Leo came up behind me and put his hand on my shoulder.
‘I’m sorry, Mary. I’d rather you hadn’t discovered the news that way.’
‘What, in public? It’s rather fitting, isn’t it? At least there was a smaller audience for my humiliation this time.’
My stupid, weak heart ached a little at the misery on Leo’s face when he sat down, but I ignored it. Last night I had grieved. This morning I was furious.
‘Who proposed? Did you do it? Was it the proper bended-knee affair?’
‘No. Clark proposed.’
That softened me, slightly. An image of Leo on his knees had tortured me all night. The image was drawn from imagination, not memory. His proposal to me had been a rushed question, blurted out in Audrey’s back garden, several weeks after he had returned from Oxford after completing his degree. He had been acting so strangely that it was a relief when he proposed rather than dumped me, and I hadn’t given a thoug
ht to the mechanics of it. I hadn’t realised I missed the huge, romantic gesture until I had pictured him offering it to someone else.
‘And have you set a date?’
‘Probably September, so there’s time for a honeymoon before term starts.’
‘Honeymoon?’ Another image I would much rather not have in my head. ‘Presumably something more exciting than a B&B in Llandudno?’
‘We had a special time in that B&B. I wouldn’t change it. I have no regrets about a moment of our time together.’
‘Then why end it? If it was so special, why aren’t we still together?’

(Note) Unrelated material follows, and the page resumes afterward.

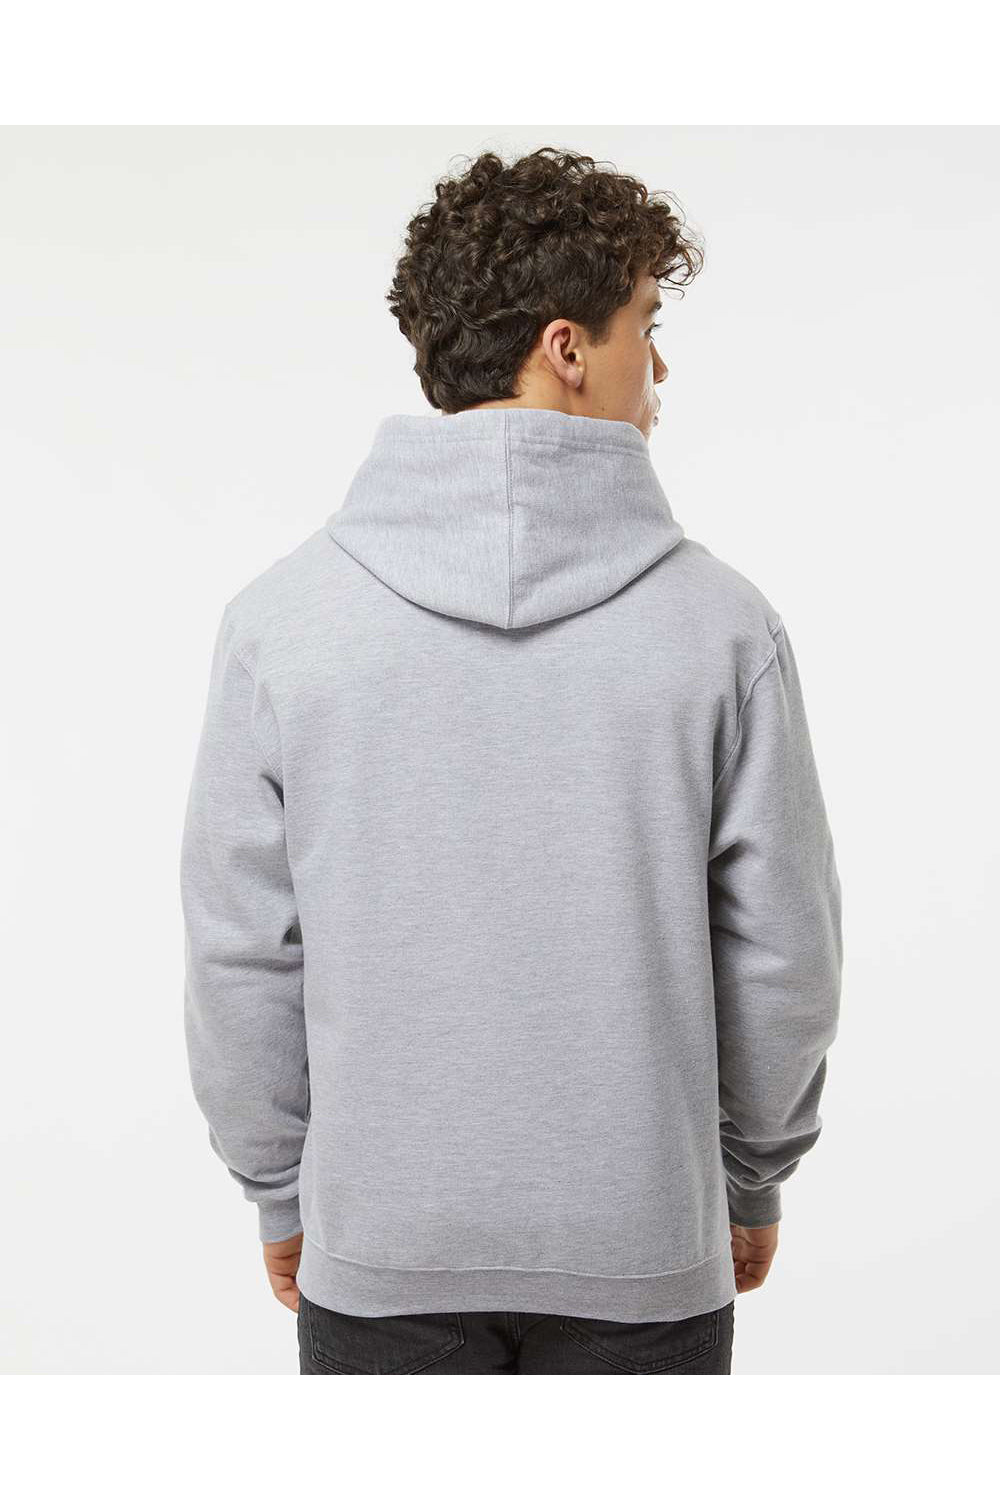 Tultex 320 Mens Fleece Hooded Sweatshirt Hoodie Heather Grey Model Back

‘Clark.’ He lifted his hands from the table, empty of words for once, a circumstance so unusual that it spoke more powerfully than anything he might have said.
‘And you couldn’t have resisted? For the children? For me?’
‘I tried. But things have seemed different ever since I turned forty. I may be halfway through my time. I couldn’t continue denying who and what I am.’
‘I see. That was quite some birthday present you gave yourself, wasn’t it? Licence to do exactly what you wanted. Will you be so generous when it’s my fortieth?’
Leo reached across the table and held my hand.
‘You have benefitted already, can’t you see? When did you ever challenge me like this when we were married? You only ever gave me half of yourself, as if you switched off a whole aspect of your character – your essential spark – when you entered this house. Did you truly believe I would have loved you less if you had disagreed with me sometimes?’
‘My dad …’ I began, but Leo interrupted.
‘I know. You blame Irene for driving him away. But nothing she did should have driven him away from you. If you hadn’t been so reasonable, I would have fought to my bones to see Jonas and Ava. Either he was a weak man, and didn’t deserve you, or there was more to his disappearance than you know.’
It was too much to absorb today. I had spent so many years loving Leo and resenting Mum, that I struggled to acknowledge that they were neither so good nor so bad as I had believed them. Leo rubbed his finger along the space where my ring had been until a few hours ago.